Study example 1Construction of visual Nomogram model for predicting MVI of liver cancer patient
1 study object
Retrospectively collect patients who first confirmed primary liver cancer in Beijing Di Tan Hospital affiliated to capital medical university from 6 months in 2008 to 12 months in 2019, and divide the patients into a building group and a verification group according to a method of randomization grouping 7: 3.
2 diagnostic criteria
2.1 Primary liver cancer diagnostic criteria: a. pathological diagnosis criteria: the tissue specimen of the space occupying focus of the liver or the extrahepatic metastasis biopsy or the surgical excision is diagnosed as PLC through the pathological histology and/or cytology examination, and the PLC is the gold standard. b. Clinical diagnostic criteria: according to the primary liver cancer diagnosis and treatment standard formally revised by the ministry of health of the people's republic of China in 2019, when one item of the following conditions (a) or two items of the following conditions (b + are met), the clinical diagnosis of the primary liver cancer can be established:
typical primary liver cancer imaging characteristics:
a, if the occupying diameter of the liver is larger than 2cm, at least one imaging examination (dynamic enhanced MRI, enhanced CT, ultrasonic radiography and common display dynamic enhanced MRI) shows that the occupying area of the liver has typical liver cancer characteristics, and then hepatocellular carcinoma can be diagnosed;
b, if the occupied area of the liver is less than or equal to 2cm, at least two of the four imaging examinations are required to show that the occupied area of the liver has typical liver cancer characteristics, so that the primary liver cancer can be diagnosed to enhance the specificity of diagnosis.

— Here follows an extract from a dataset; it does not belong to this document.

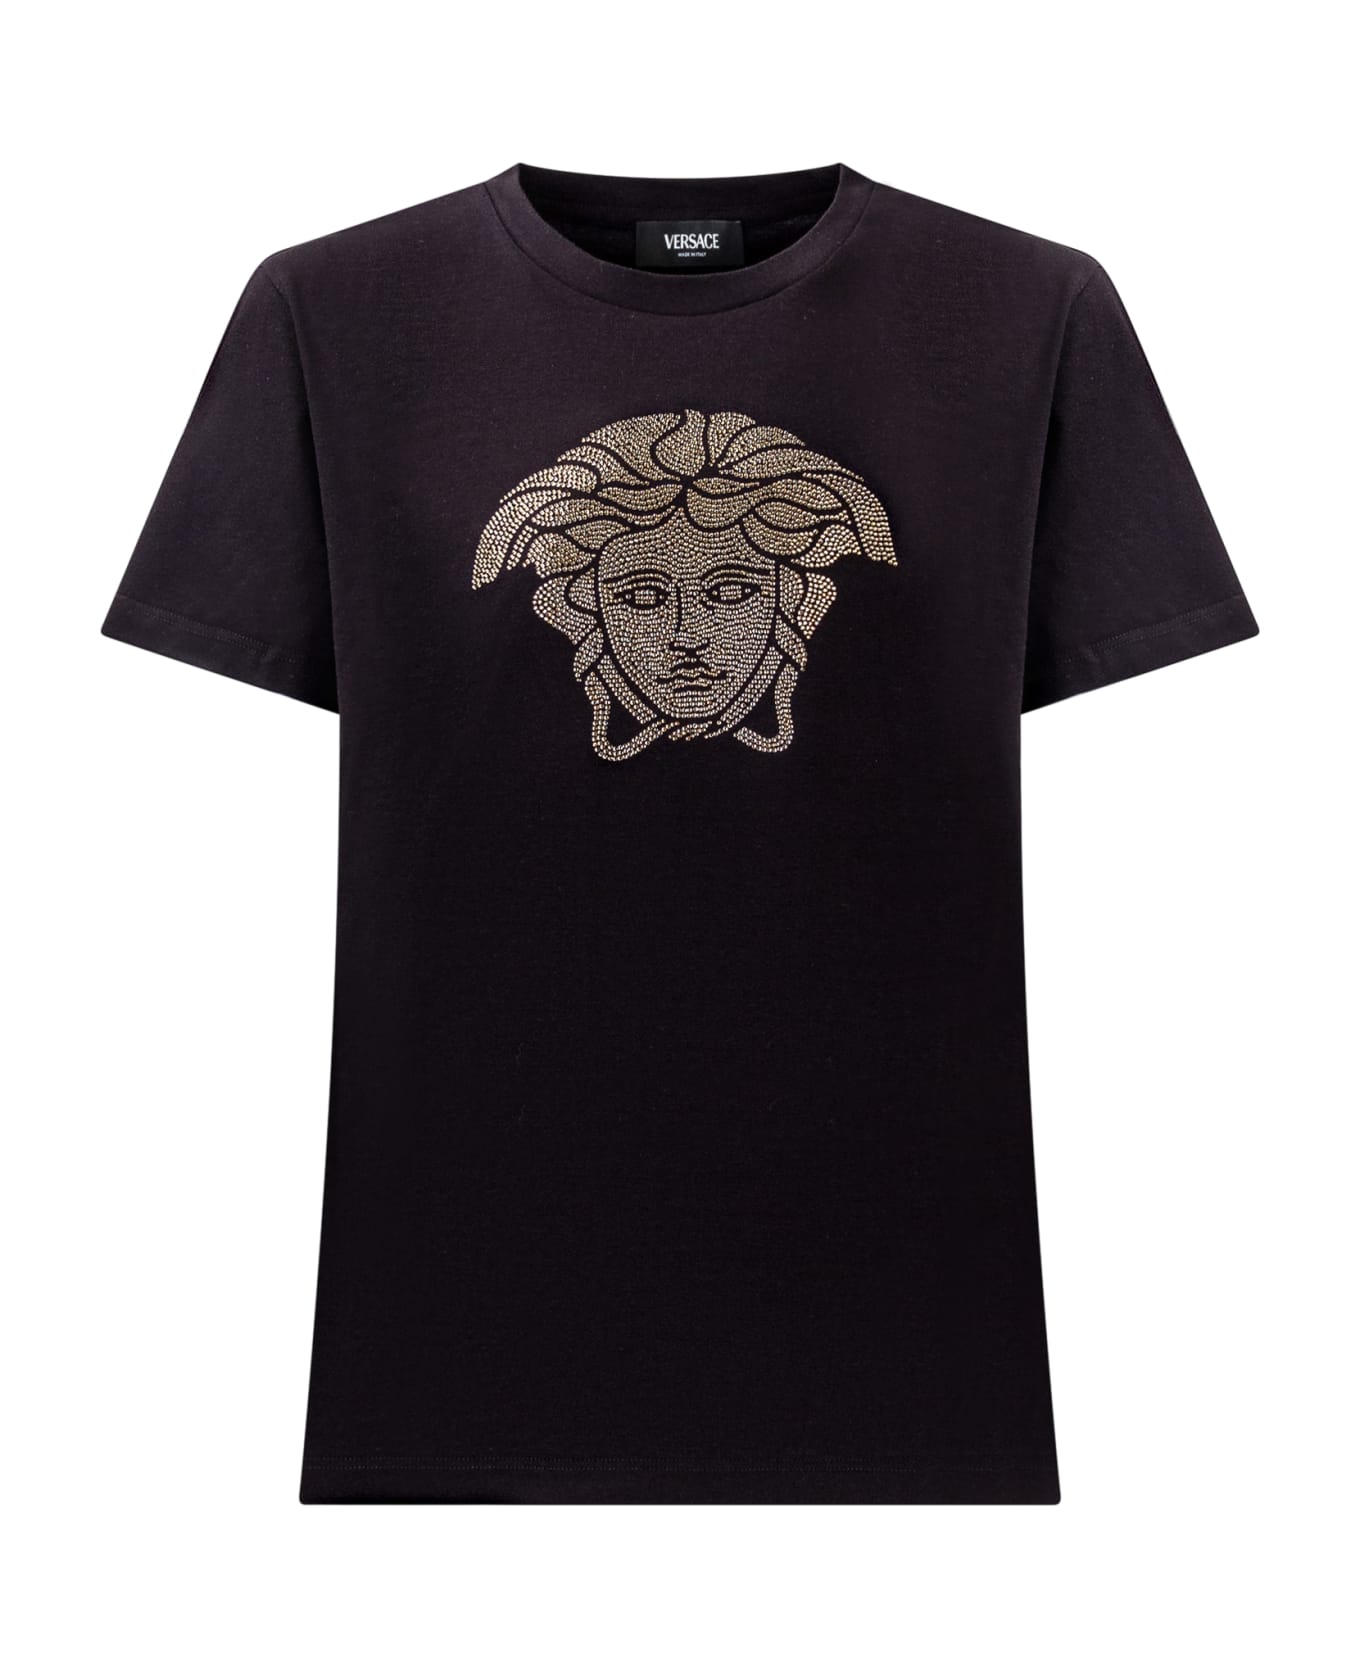 Versace Medusa T-shirt - NERO-ORO

If the above imaging can not exclude the diagnosis of liver cancer, 2-3 months of imaging follow-up or liver puncture biopsy can be performed.
② the AFP is larger than or equal to 400ug/L, namely the AFP is continuously over the normal value, at least one item of the above-mentioned image examination accords with the typical liver cancer characteristic, and can eliminate the AFP rise caused by other reasons, including pregnancy, germ system embryonic source tumor, active liver disease and upper digestive tract cancer, etc.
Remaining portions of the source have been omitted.